Les choses se précisent de plus en plus pour les deux personnalités politiques ivoiriennes. Laurent Gbagbo et Charles Blé Goudé seront définitivement fixés sur leur sort fin mars. La chambre d’appel de la Cour pénale internationale a indiqué qu’il rendra son arrêt le 31 mars prochain.
Laurent Gbagbo et son ministre de la Jeunesse Charles Gbé Goudé devront retenir leur souffle pendant quelques jours encore. La chambre d’appel de la Cour pénale internationale a indiqué qu’il rendra sa décision sur leur dossier le 31 mars. Les deux personnalités sont accusées de crimes contre l’humanité lors des violences post-électorales de 2010 et 2011. Cependant, l’ex-chef d’État et son ministre ont été acquittés en janvier 2019 par la CPI. Mais la procureure avait fait appel de cet acquittement.
Quels sont les scénarios plausibles?
En faisant appel, la procureure de la CPI fait durer le suspense. Les scénarios possibles sont évalués en deux options. Pour la première option, les juges pourraient décider de confirmer les deux acquittements. L’affaire serait alors définitivement close, près de dix ans après l’ouverture du dossier. Les conditions imposées à leur libération seraient immédiatement levées.
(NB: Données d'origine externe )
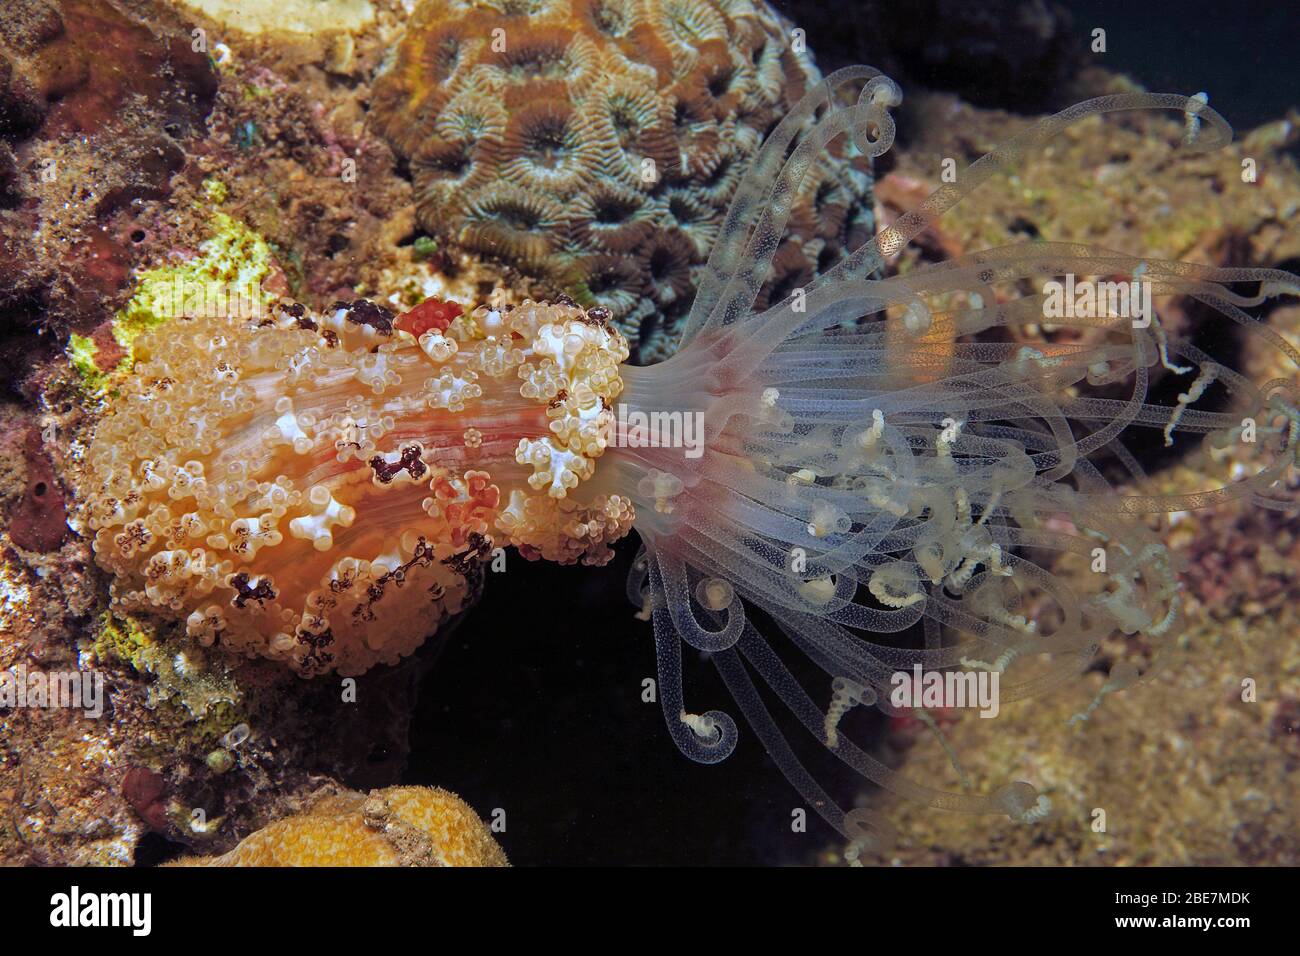 Notte Tuberculate Anemone (Alicia sansibarensis), anemone marino con tentacoli estremamente lunghi, Camiguin, Filippine Foto Stock

Laurent Gbagbo, qui vit en Belgique, et Charles Blé Goudé qui réside à La Haye, pourraient retourner en Côte- d’Ivoire. Ils seront ainsi innocentés. Acquittés par la CPI, la procureure dans son appel, avait demandé aux juges de prononcer un non-lieu. Elle dénonce des « vices de procédures ». Si les juges accèdent à cette demande, ce sera le second scénario possible. Le non-lieu ne clôtura plus définitivement le dossier. De nouvelles poursuites pourraient être déclenchées à leur encontre.
Interrogée par les juges lors d’une audience sur les conséquences qu’aurait une telle décision, la procureure avait indiqué qu’elle pourrait demander la tenue d’un nouveau procès contre l’ex-président et l’ancien chef des Jeunes patriotes. Fatou Bensouda demandait en quelque sorte une seconde chance.
D’autres scénarios sont possibles, mais jugés improbables. Il s’agit de la reprise du procès en première instance qui s’était arrêté avant l’audition des témoins de la défense. Ce qui n’est plus possible à l’heure actuelle. Toutefois, l’autre question qui se pose actuellement sera de savoir si les cinq juges de la chambre d’appel se prononceront à l’unanimité ou non sur le futur des deux Ivoiriens.
Laurent Gbagbo prêt pour un retour en Côte d’Ivoire
L’ancien président ivoirien a exprimé son désir de retourner dans son pays d’origine. Un souhait bien accueilli par ses partisans qui ont d’ailleurs annoncé son retour pour mi-mars. « À la mi-mars de cette année, il sera ici avec nous », a déclaré Assoa Adou, secrétaire général du FPI, pro-Gbagbo. Il dit avoir eu au téléphone l’ancien président qui lui aurait dit d’annoncer sa date aux cadres du parti. Ils étaient réunis pour l’occasion lors de la création d’un comité national d’accueil.
Si ses partisans sont pressés de voir leur leader au pays, ce n’est pas le cas du pouvoir en place. Le secrétaire général du Front populaire ivoirien, reproche au gouvernement ivoirien de faire traîner les choses en longueur. Le retour de l’ex chef d’Etat fait l’objet de négociations entre ses partisans et le gouvernement depuis novembre. Il a déjà reçu ses passeports en décembre. Et il y a une dizaine de jours, ses partisans s’étaient d’ailleurs déjà impatientés du manque d’avancée dans ce processus.